HYBRID EVENT: You can participate in person at Baltimore, Maryland, USA or Virtually from your home or work.
Joon Young Kim, Speaker at Weight Management Conferences
Syracuse University, United States


Once thought to be an adult disease, type 2 diabetes has emerged as an increasingly prevalent health condition in pediatric populations in parallel with the widespread pediatric obesity epidemic. The oral glucose tolerance test (OGTT) is traditionally used to either diagnose diabetes or capture prediabetes, including impaired fasting glucose (IFG) and impaired glucose tolerance (IGT), a state of heightened risk for future type 2 diabetes. However, limitations of IFG and IGT were described by prospective epidemiological studies in adults demonstrating that only one-half of prediabetic individuals eventually convert to type 2 diabetes. For this reason, there is increasing interest in finding novel biomarkers derived from the OGTT that can identify metabolic abnormalities beyond fasting and 2-h glucose concentrations. Such emerging risk indicators include OGTT-glucose-response-curve and 1-h glucose concentration. For this presentation, the followings are discussed: 1) a core defect in the pathogenesis of type 2 diabetes which is pancreatic β-cell failure in the face of severe insulin resistance in obese youth; 2) recent findings of adipose tissue insulin resistance in obese youth across the spectrum of glucose tolerance from normal glucose tolerance to IGT to type 2 diabetes; 3) differences in disease process between obese youth vs. obese adults; 4) introduction of emerging biomarkers that are effective to identify obese youth who are at highest risk for type 2 diabetes by providing evidence of verifications against the gold standard measures of type 2 diabetes pathophysiological factors (hyperinsulinemic-euglycemic clamp-, hyperglycemic clamp-, and IVGTT-measured insulin sensitivity and β-cell function); and 5) effects of lifestyle intervention on emerging biomarkers of type 2 diabetes risk in obese youth.

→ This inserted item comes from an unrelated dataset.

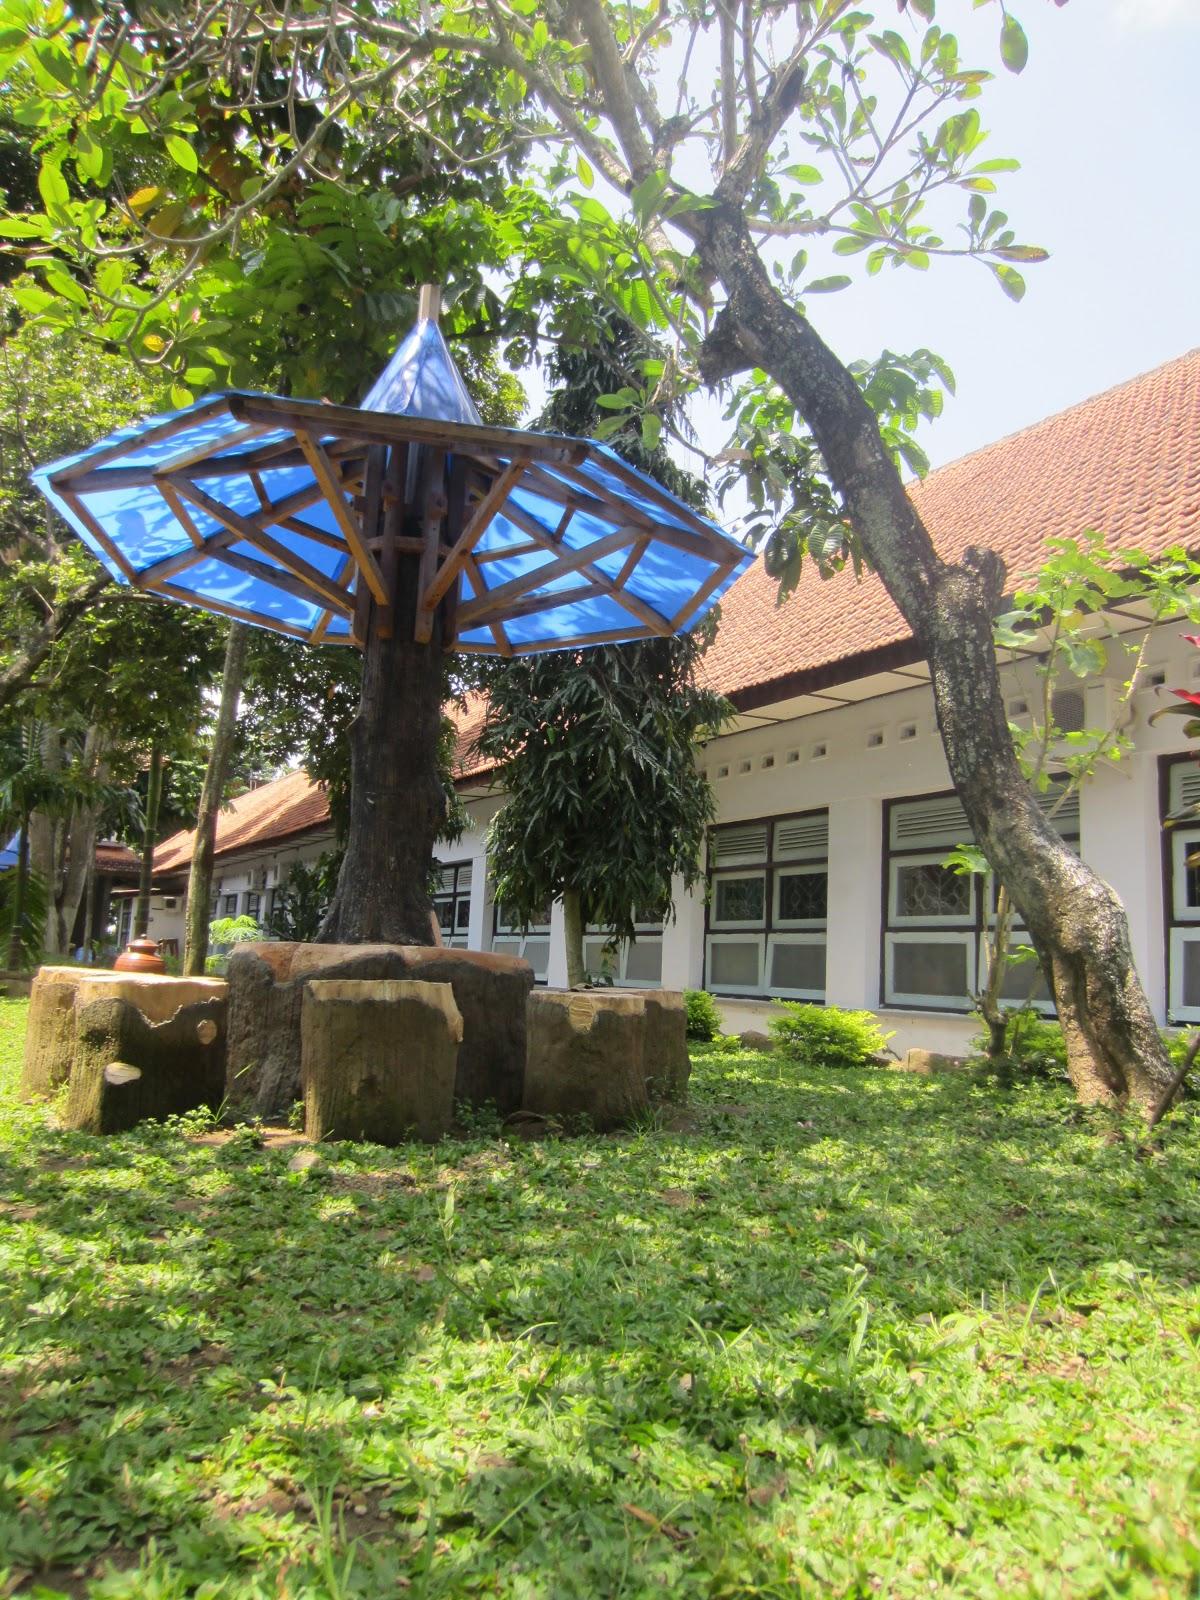 Taman Sekolah Adiwiyata : taman, sekolah, adiwiyata, ADIWIYATA, BOYOLALI:, Taman

Joon Young Kim, Ph.D., is an assistant professor in the Department of Exercise Science at Syracuse University. Dr. Kim earned his Ph.D. with concentrations of pediatric obesity & diabetes and exercise physiology at Arizona State University. He worked as a T32-funded postdoc in the Division of Endocrinology and Metabolism at University of Pittsburgh School of Medicine, after completing 2 years of postdoc fellowship in the Division of Weight Management and Wellness at UPMC Children’s Hospital of Pittsburgh. He has had multiple peer-reviewed publications in high impact journals including Diabetes Care, Diabetes, and the Journal of Clinical Endocrinology & Metabolism.